Throughout the entire ordeal I would somewhat frequently open my eyes to see some sort of ghostly or transparent entity looming over my bed, leaning over or staring down at me. The last night I ever experienced an episode, I woke up to see that very entity, but I realized suddenly that the entity was me. It was me standing there, looking down at myself. I became angry. I felt like these episodes had ruined my life, and made sleeping something I no longer looked forward to. The rage came to a head. I activated every nerve in my body to try to break free of the paralysis. I gritted my teeth as I succeeded, groaning the words “FFFFRUUUUCKK YYRRROOOOUU!!!” as I bolted up from my bed and lunged through my own ghost. Then I never saw it again. In fact, I never had another night terror since. It’s been years now. A decade at least.
My dad threatened to kidnap me and an… Uncle, i think, held me at gun point when i was a baby. I had a surprisingly violent childhood, don’t remember any of it tho. Not many other 'scary ’ or unsettling facts i can think of I’m afraid, if those even count.
I (aurally) witnessed a kindergartener get run over by her school bus. I was on a different bus and our bus drivers were talking over the radio, then there was this ungodly wailing from the other bus. The other bus driver just kept screaming “I killed her, I killed her”.

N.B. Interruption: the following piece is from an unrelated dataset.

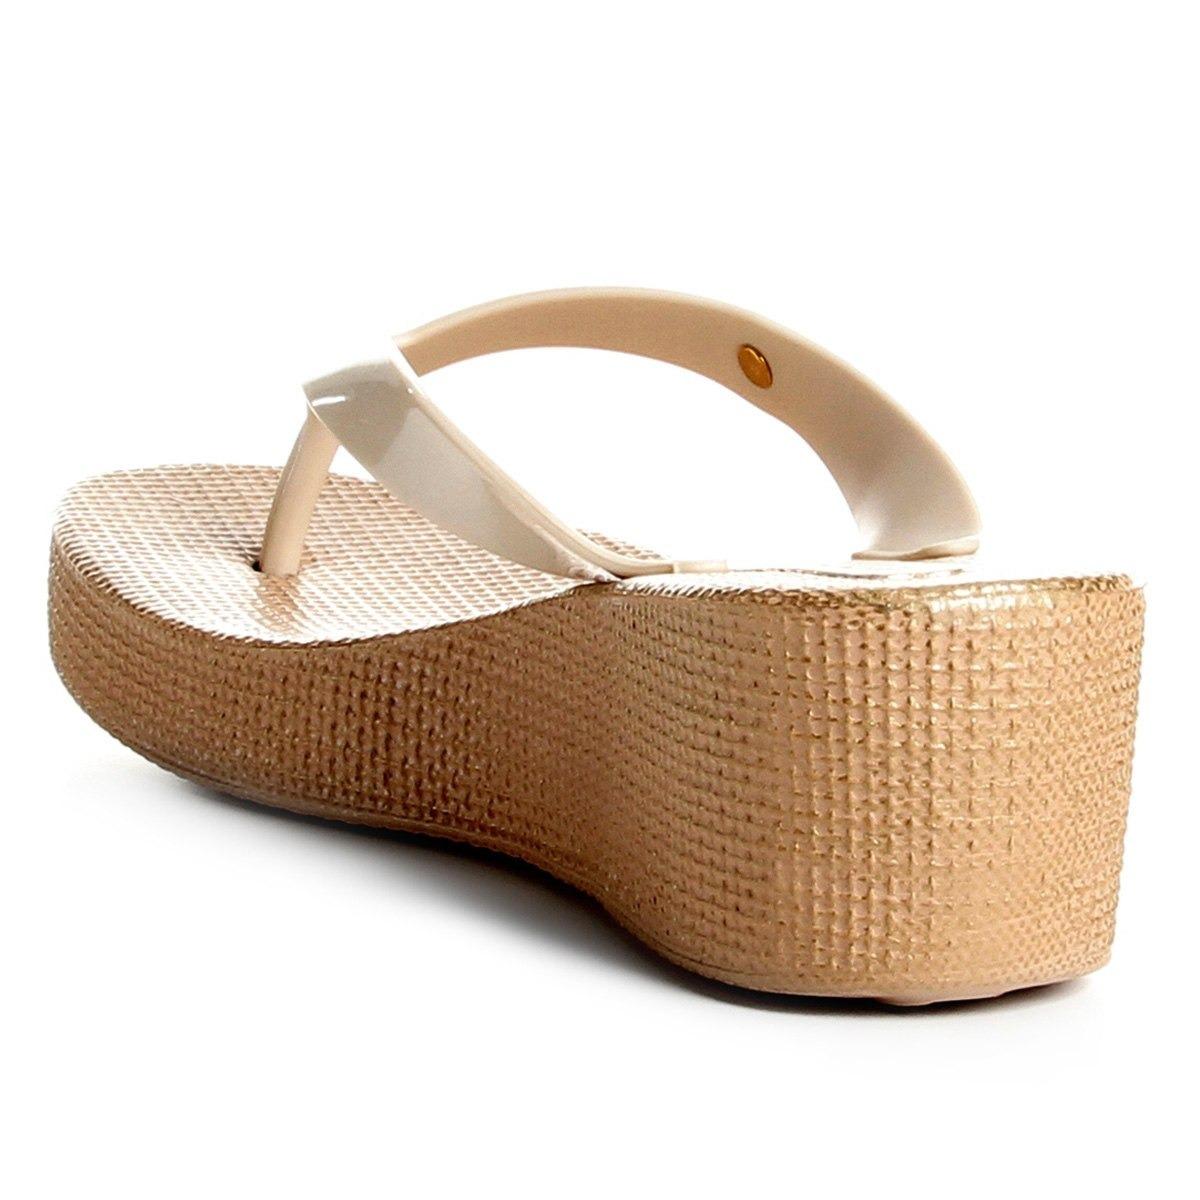 a7791c4676 calçado feminino azaleia tropical salto anabela 251 756. Carregando zoom... calçado  feminino azaleia anabela. Carregando zoom.

Turns out the little girl barely missed the bus, ran alongside it to catch up, tripped, and fell under the wheels of the bus.
Once we got to high school, students on the killing bus were offered counseling. I, not being on the killing bus, didn’t talk to anyone about it until I went to therapy decades later.
Yellow school buses freak me out still, for that and abuse reasons.
Omigod that’s awful.
Yeah, there’s also the confusion of not having literally seen or felt the kid being crushed, so chastising myself that it shouldn’t have been that traumatic. It took me years to accept that just hearing something can also be witnessing it.